In the script, the environment is registered with the gymnasium API, and the training script is launched with the
task
argument in Isaac Sim. The task is a string that identifies the environment and the robot used in the training.
import gymnasium as gym
gym.register(
id=f"URBANSIM-{task_name}-{robot_name}-{setting_name}",
entry_point="urbansim.envs:AbstractRLEnv",
disable_env_checker=True,
kwargs={
"env_cfg_entry_point": EnvCfg,
"rsl_rl_cfg_entry_point": f"urbansim.primitives.robot.{robot_name}:PPORunnerCfg",
"rl_games_cfg_entry_point": f"configs/rl_configs/{task_name}/{robot_name}/{setting_name}_train.yaml",
},
)
args_cli.task = f"URBANSIM-{task_name}-{robot_name}-{setting_name}"
This is the function that actually registers an environment for future use. Notice that the entry_point
is literally
just the python module path to the environment definition, you can change this to point to any environment class you want to use.
Also, the learning framework is specified by the rsl_rl_cfg_entry_point
and the rl_games_cfg_entry_point
. Notably, if you want to use
rl games instead of the RSL RL framework, you can change the rsl_rl_cfg_entry_point
to point to the rl games runner configuration file that you created, such as
configs/rl_configs/navigation/coco/static_train.yaml
used in the example above.
This is the configuration file that defines the training parameters, such as the number of steps, the learning rate, etc.
Configurations#
Regardless of what you are going to be doing with URBAN-SIM, you will need to deal with Configurations. Configurations
can all be identified by the inclusion of the @configclass
decorator above their class definition and the lack of an __init__
function. For example,
@configclass
class EnvCfg(ManagerBasedRLEnvCfg):
"""Configuration for the locomotion velocity-tracking environment."""
# Scene settings
if pg_config is None:
scene = scene_cfg(num_envs=env_config['Training']['num_envs'],
env_spacing=env_config['Omniverse']['env_spacing'],)
else:
scene = scene_cfg(num_envs=env_config['Training']['num_envs'],
env_spacing=env_config['Omniverse']['env_spacing'],
pg_config=pg_config,
scenario_generation_method=env_config['Omniverse'].get('scenario_generation_method', None),)
# Basic settings
viewer = ViewerCfg()
observations = observation_cfg()
actions = action_cfg()
commands = command_cfg()
# MDP settings
rewards = reward_cfg()
terminations = termination_cfg()
events = event_cfg()
curriculum = curriculum_cfg()
def __post_init__(self):
"""Post initialization."""
# general settings
self.decimation = env_config['Omniverse']['decimation']
self.episode_length_s = env_config['Omniverse']['episode_length_s']
# simulation settings
self.sim.dt = env_config['Omniverse']['simulation_dt']
self.sim.render_interval = env_config['Omniverse']['rendering_interval']
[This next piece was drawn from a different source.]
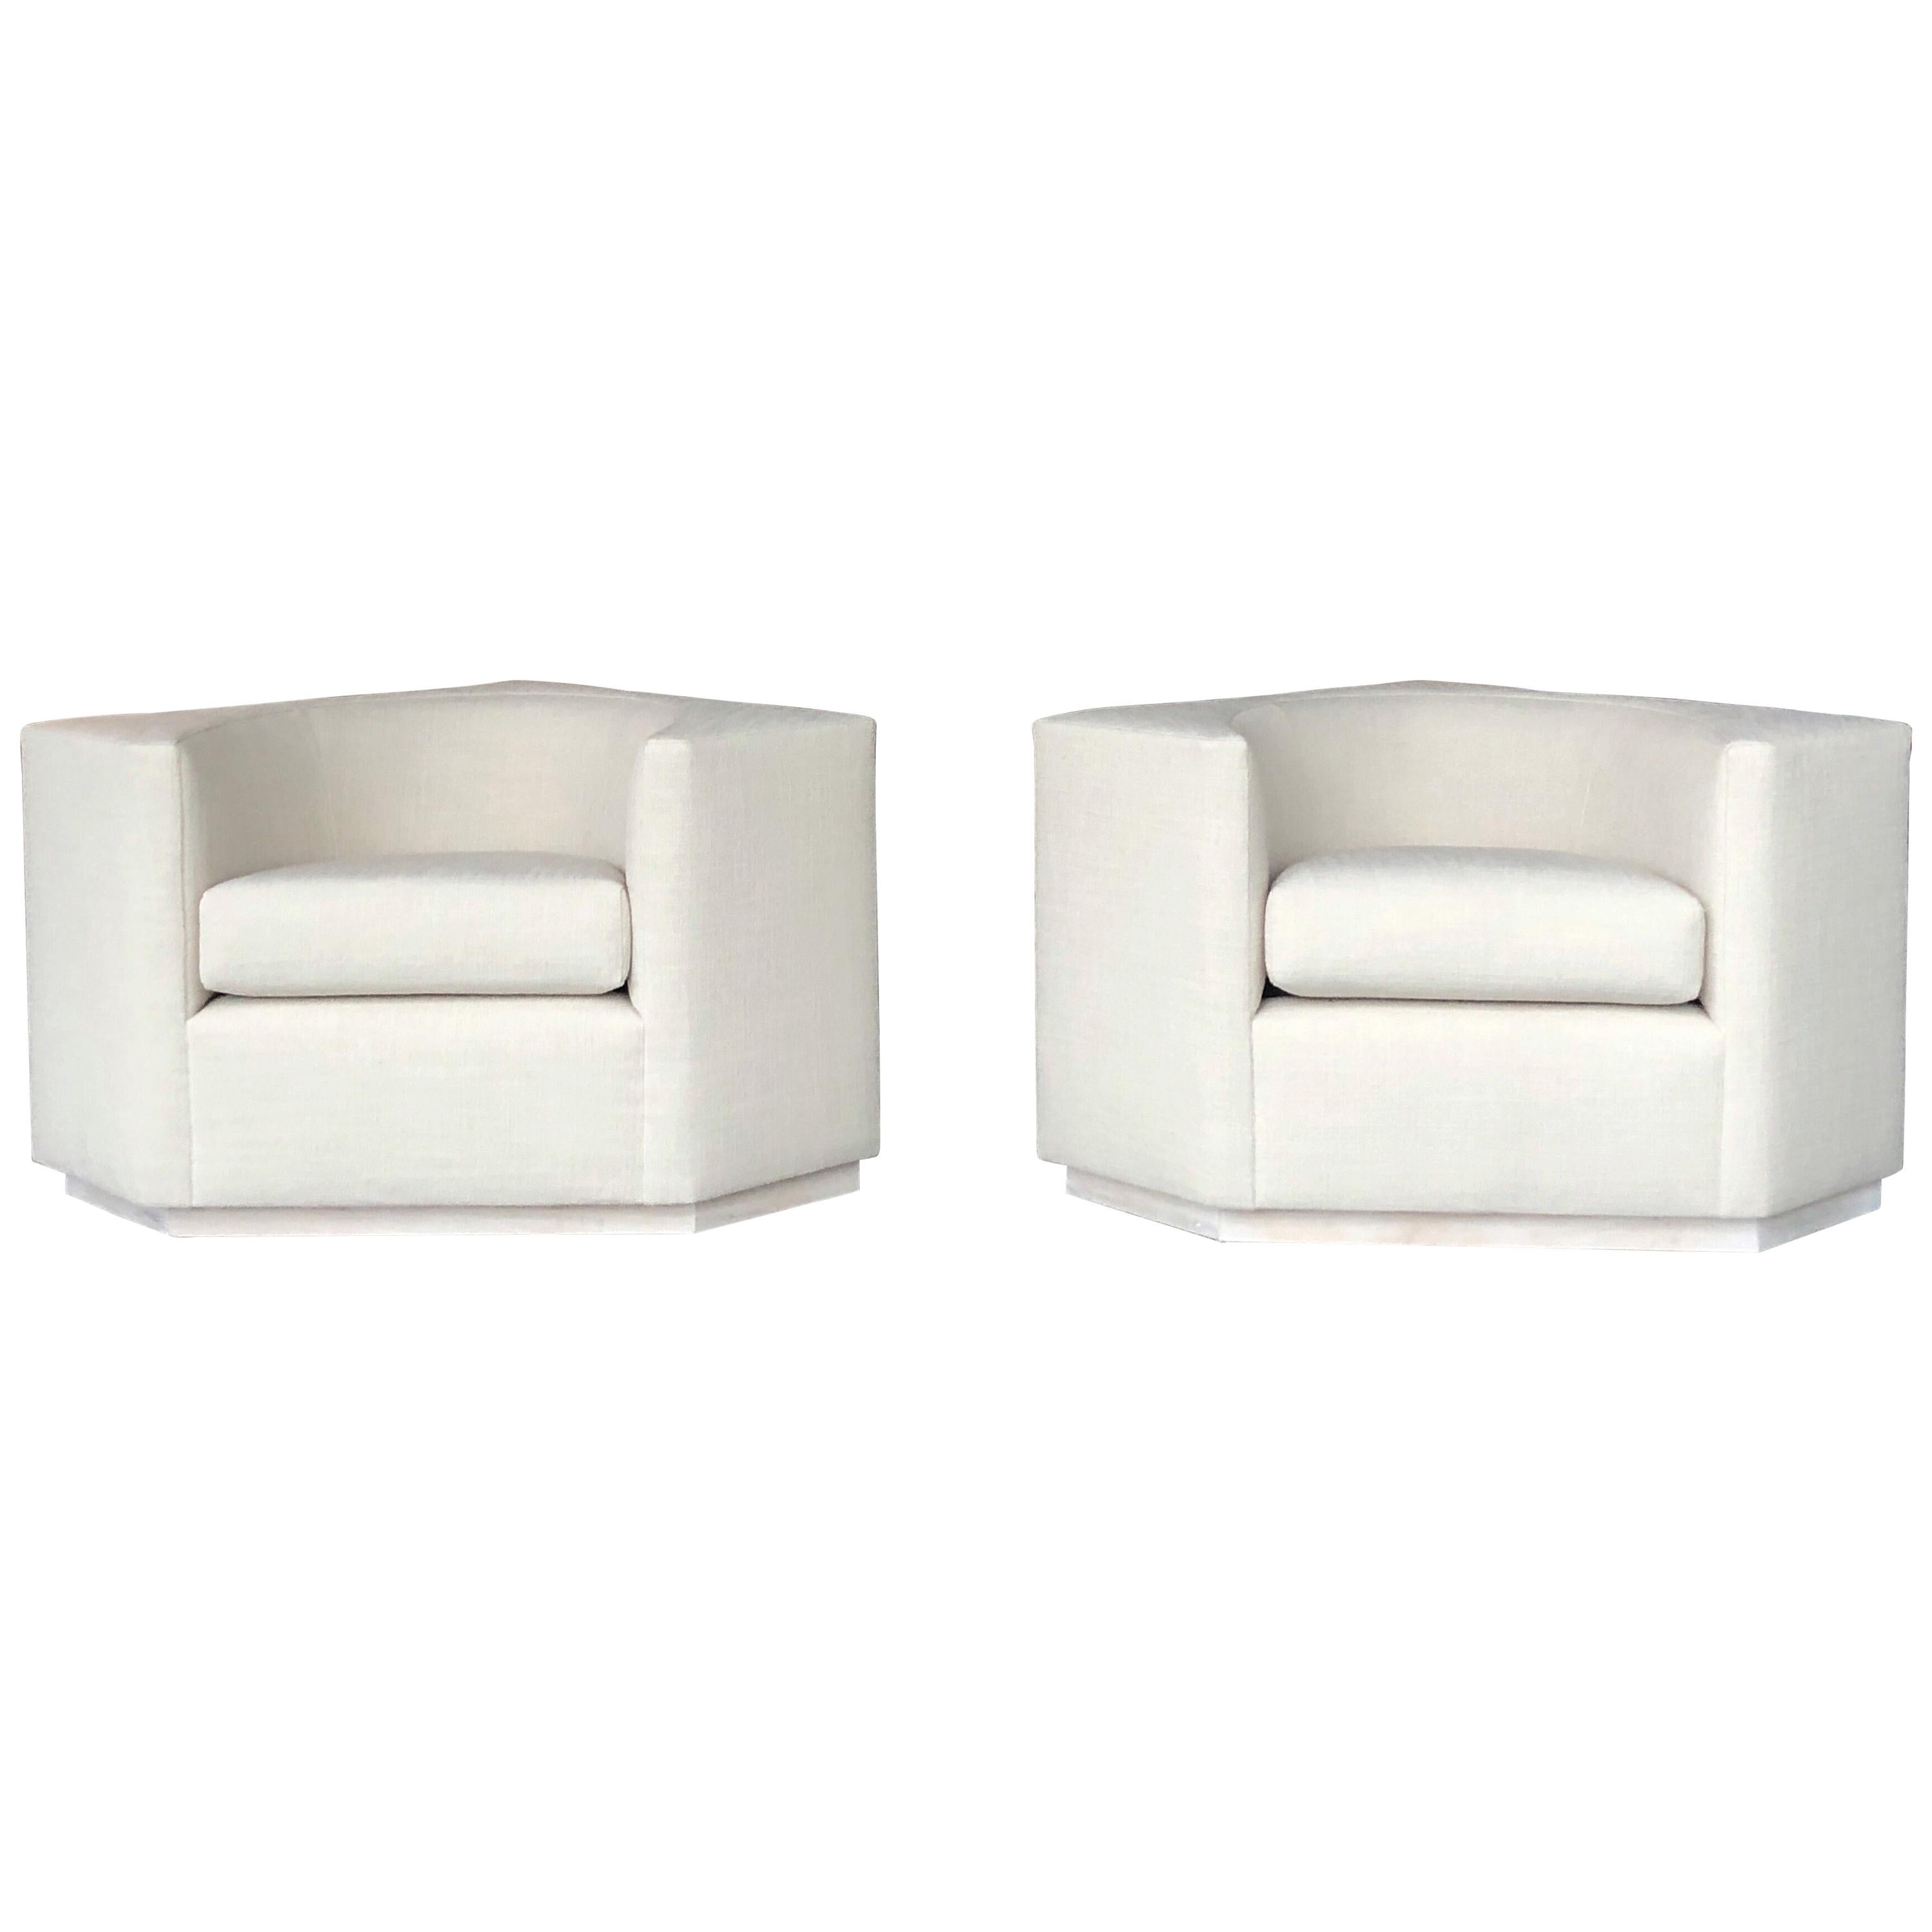 Pair of Cube Geometric Lounge Club Chairs

self.sim.disable_contact_processing = True
self.sim.physics_material = self.scene.terrain.physics_material
self.sim.physx.gpu_max_rigid_patch_count = 10 * 2**15
if hasattr(self.scene, 'height_scanner'):
if self.scene.height_scanner is not None:
self.scene.height_scanner.update_period = self.decimation * self.sim.dt
if hasattr(self.scene, 'contact_forces'):
if self.scene.contact_forces is not None:
self.scene.contact_forces.update_period = self.sim.dt
# check if terrain levels curriculum is enabled - if so, enable curriculum for terrain generator
# this generates terrains with increasing difficulty and is useful for training
if getattr(self.curriculum, "terrain_levels", None) is not None:
if self.scene.terrain.terrain_generator is not None:
self.scene.terrain.terrain_generator.curriculum = True
else:
if self.scene.terrain.terrain_generator is not None:
self.scene.terrain.terrain_generator.curriculum = False
self.scene.robot = robot_cfg.replace(prim_path="{ENV_REGEX_NS}/Robot")
if hasattr(self.scene, 'height_scanner'):
self.scene.height_scanner.prim_path = "{ENV_REGEX_NS}/Robot/base"
# modify env
modify_env_fn(self)
Configurations provide a direct path to any variable in the configuration hierarchy, making it easy to modify anything “configured” by the environment at launch time.